■ Prompt ■
In the listing below, print exactly the lines between the line holding "VERY GOOD VINTAGE CONDITION" and the line holding "SKU : 868837", inclusive, and no more.

■ Recorded data ■
>>>>>
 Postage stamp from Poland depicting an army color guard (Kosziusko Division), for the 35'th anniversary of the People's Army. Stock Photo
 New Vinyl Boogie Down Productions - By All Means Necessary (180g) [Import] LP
<<<<<
>>>>>
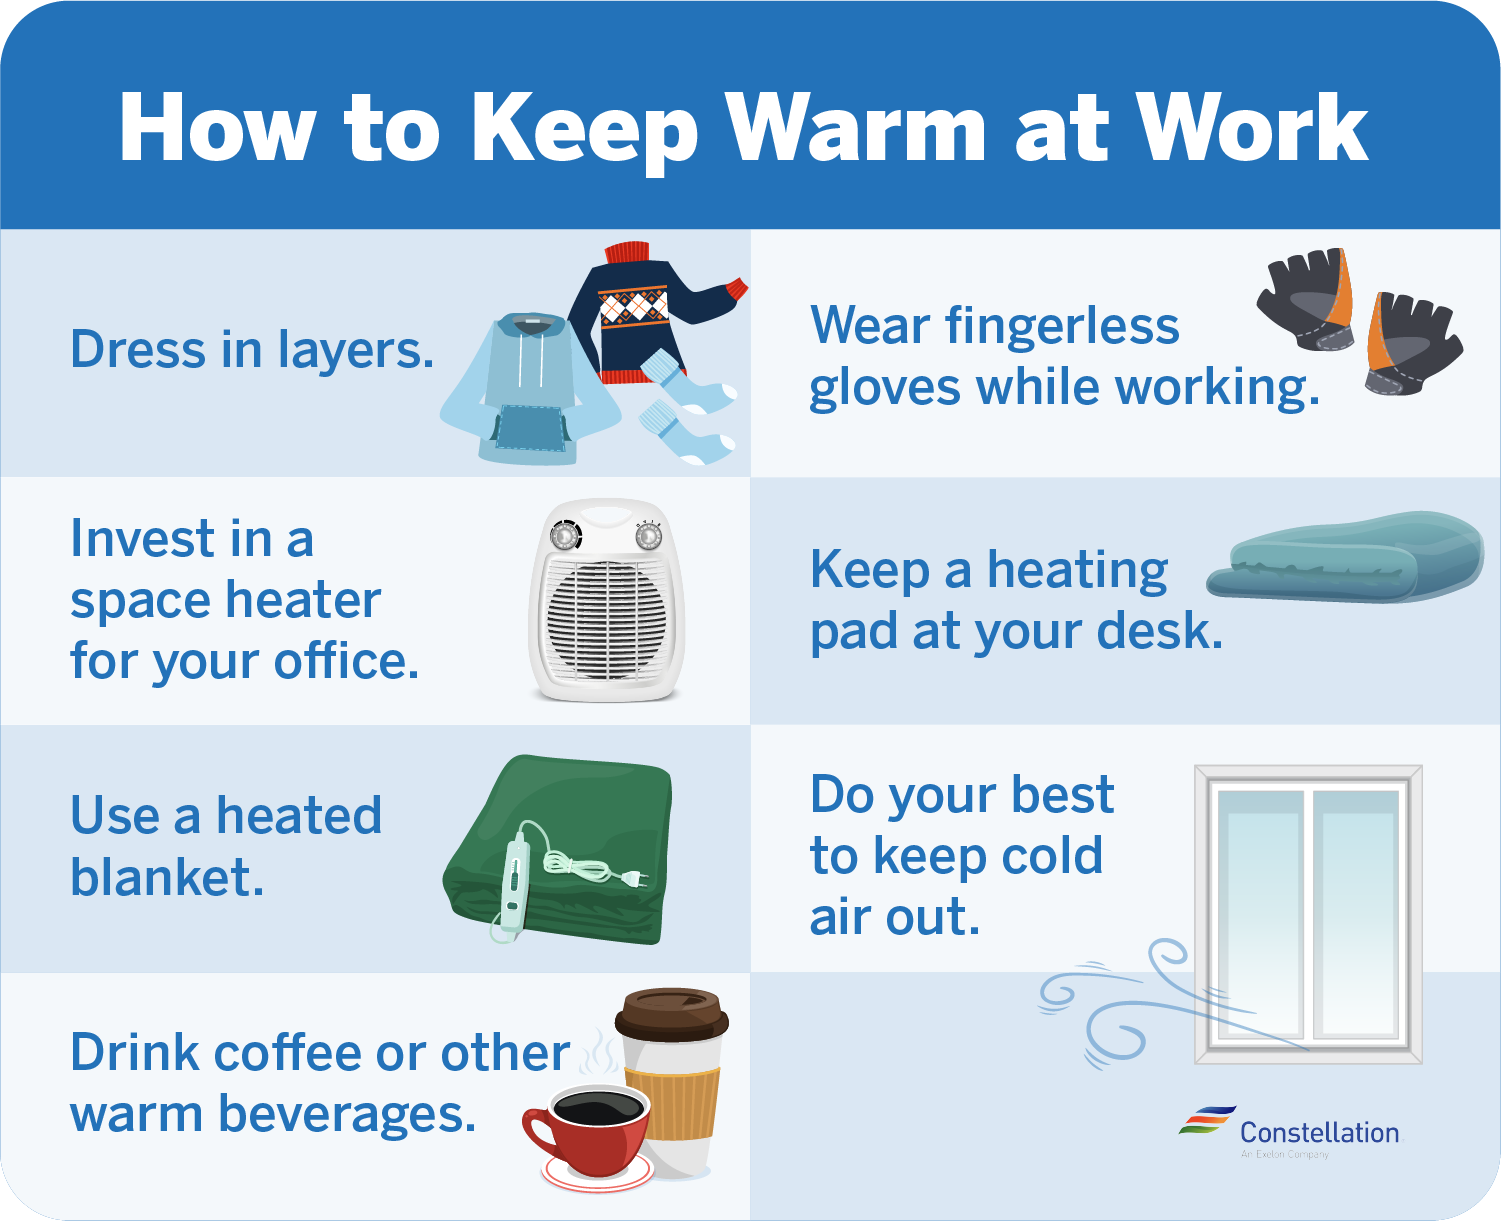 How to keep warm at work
<<<<<
>>>>>
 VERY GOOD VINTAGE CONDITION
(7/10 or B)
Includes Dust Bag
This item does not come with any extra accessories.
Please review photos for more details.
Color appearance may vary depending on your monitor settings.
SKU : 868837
<<<<<
■ Exercise result ■
 VERY GOOD VINTAGE CONDITION
(7/10 or B)
Includes Dust Bag
This item does not come with any extra accessories.
Please review photos for more details.
Color appearance may vary depending on your monitor settings.
SKU : 868837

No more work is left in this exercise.